NCT ID: NCT05835466 Recruiting - Clinical trials for Post Essential Thrombocythemia Myelofibrosis (ET-MF)

Reparixin in Patients With Myelofibrosis Myeloproliferative Neoplasms Research Consortium (MPN-RC 120)

Start date: June 27, 2023
Phase: Phase 2
Study type: Interventional

This is an open label, phase II study to assess the efficacy, safety, and tolerability of Reparixin in patients with DIPSS intermediate-2, or high-risk primary myelofibrosis (PMF), post essential thrombocythemia/polycythemia vera related MF (Post ET/PV MF) after prior treatment, and those who are ineligible or refuse treatment, with a Janus kinase inhibitor (JAKi). 26 patients will be enrolled. Eligible patients will receive oral reparixin three times daily on a 4-week cycle for a core study period of 6 cycles (24 weeks). After cycle 6, patients may continue receiving reparixin once daily on a 4-week cycle if at least stable disease (SD) is met by IWG-MRT criteria until loss of response, disease progression, unacceptable toxicity, patient/physician withdrawal, or termination of study by sponsor.

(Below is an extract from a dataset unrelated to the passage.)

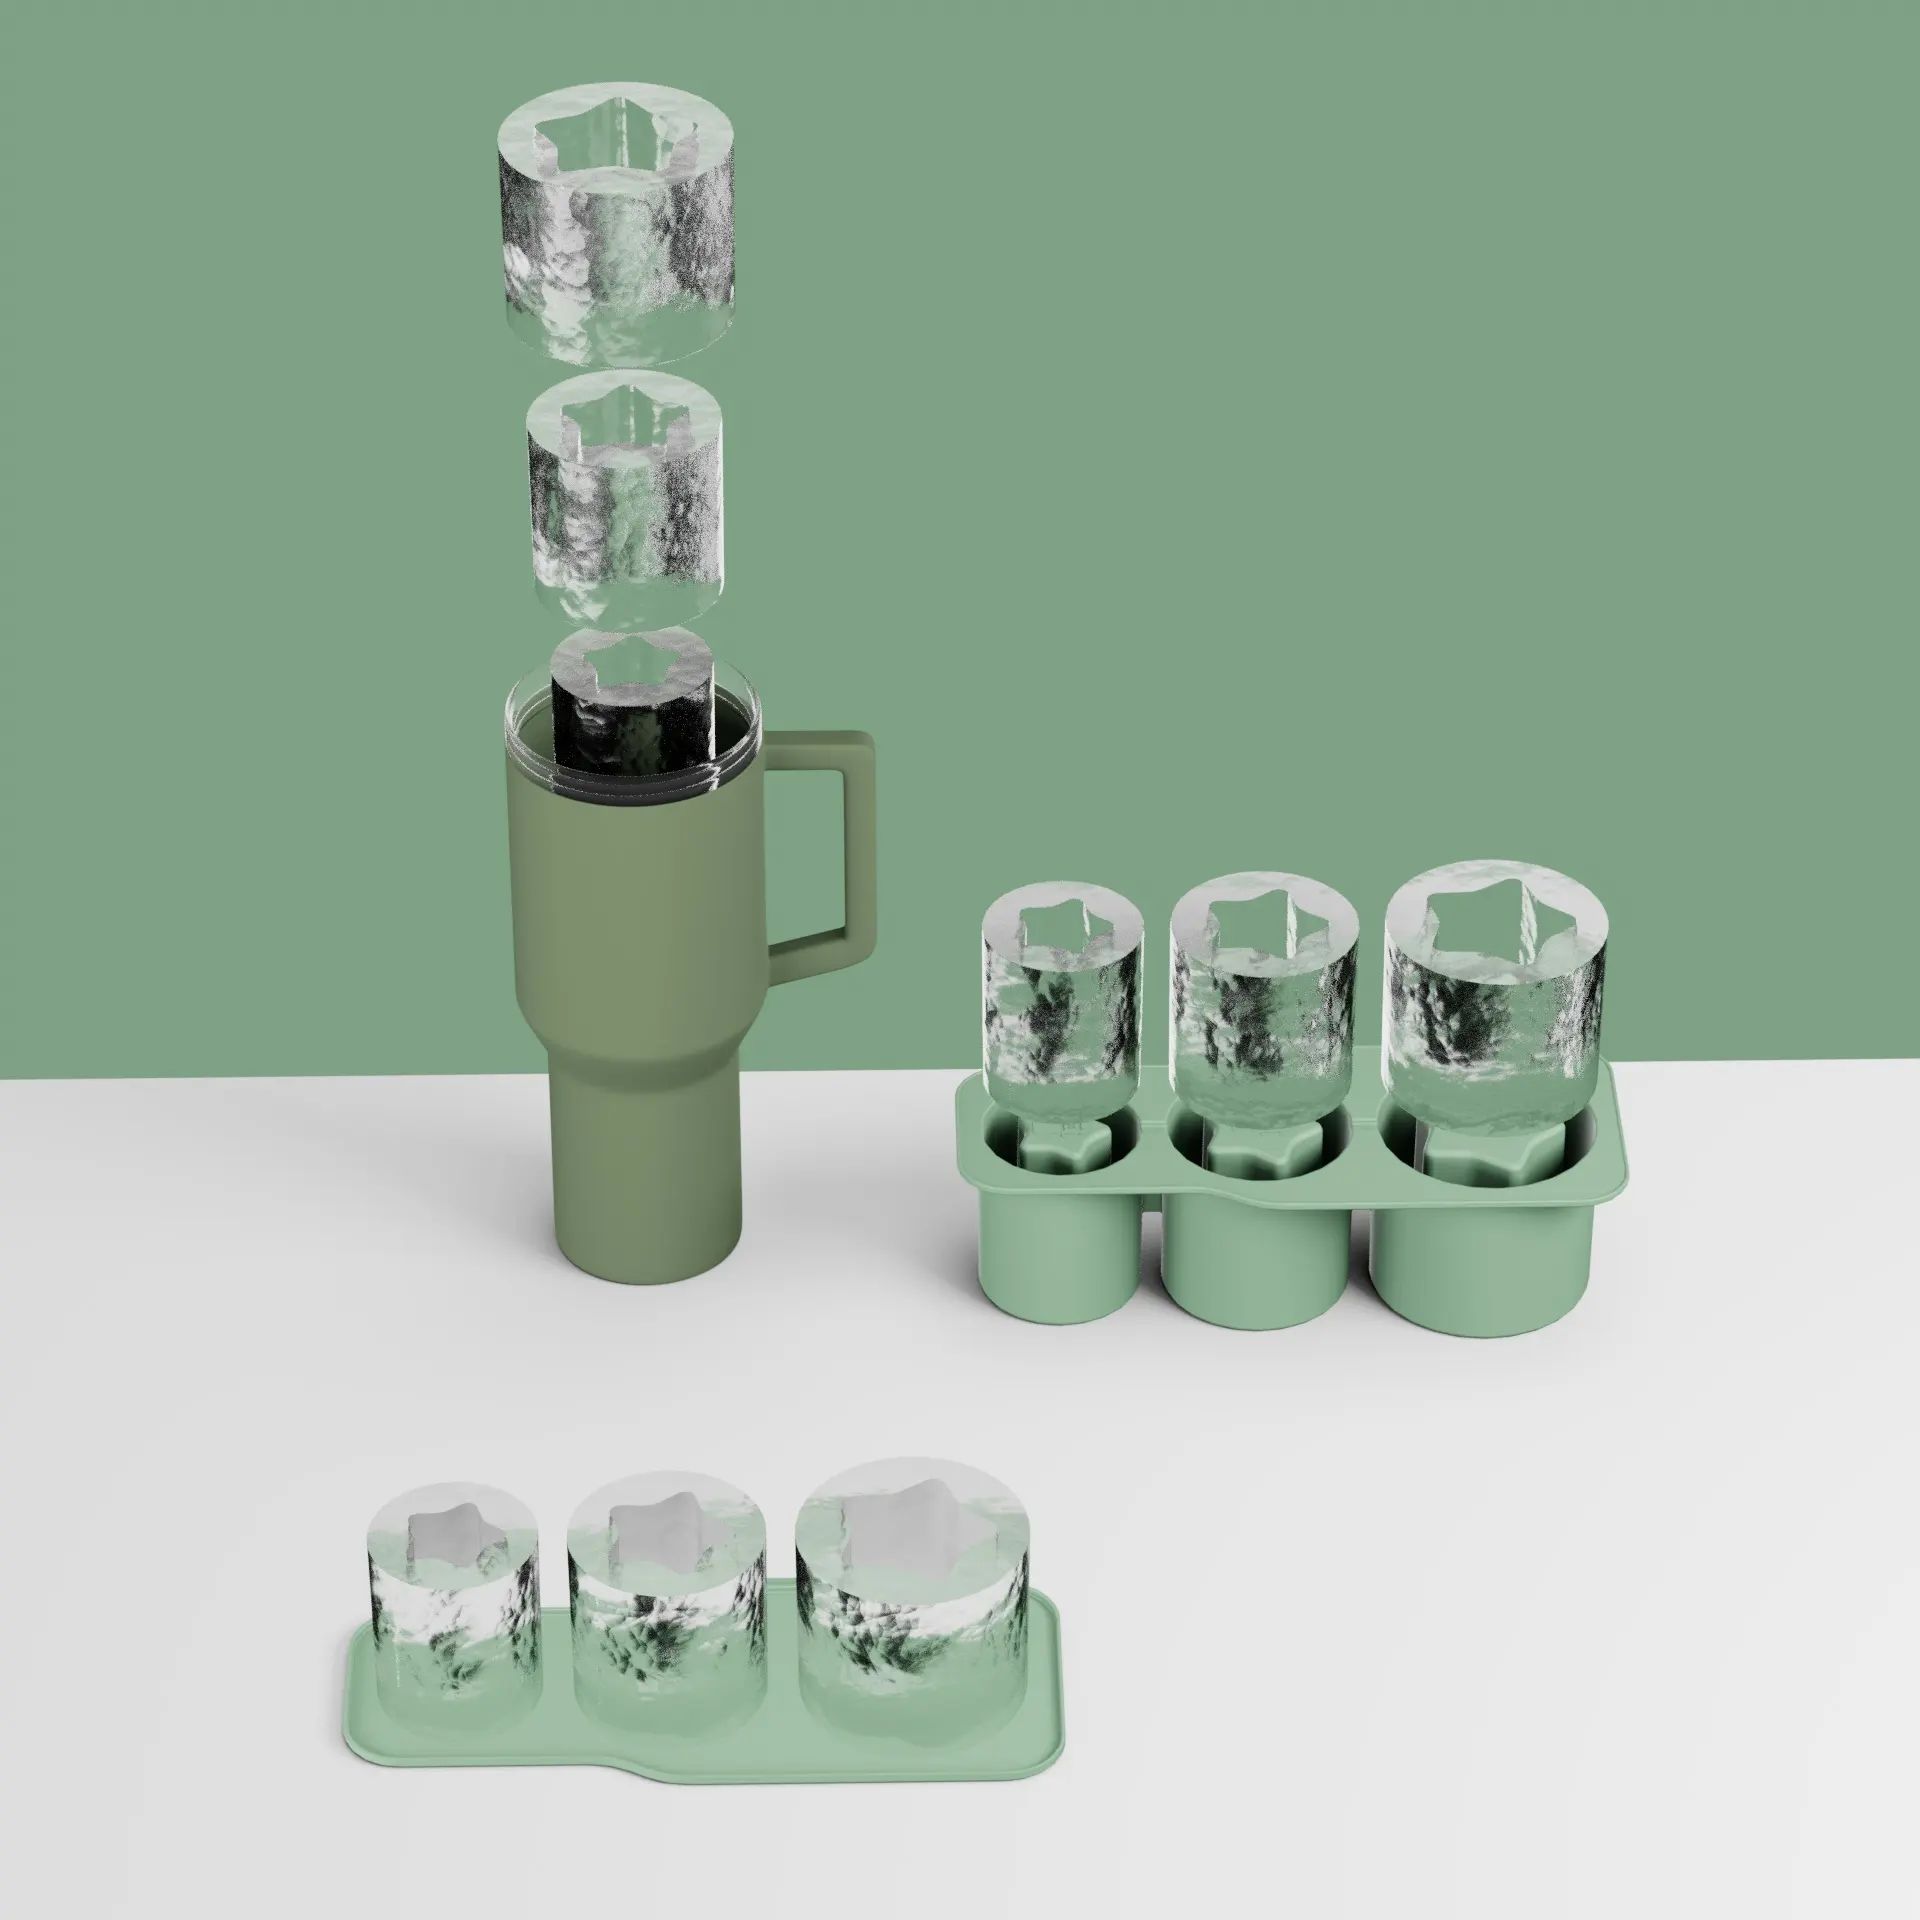 Nampan kubus silikon kelas makanan dapat digunakan kembali dengan tutup cetakan khusus untuk membuat 3 es batu silinder berongga mudah dan ramah lingkungan

NCT ID: NCT05823571 Recruiting - Multiple Myeloma Clinical Trials

Itacitinib With High-dose Posttransplantation Cyclophosphamide in Older Patients

Start date: July 6, 2023
Phase: Phase 1
Study type: Interventional

This research is being done to learn whether drug called itacitinib, which is a novel inflammation- and immune-lowering drug (immunosuppressant), can be given before and after non-myeloablative peripheral blood stem cell transplantation (PBSCT; also known as a 'mini' transplant) to help prevent certain complications such as cytokine release syndrome (CRS) for patients with blood cancers, using peripheral blood from a relative. The investigators will also examine if by using itacitinib the investigators can reduce the duration of MMF (other immune suppressive drug administration posttransplant).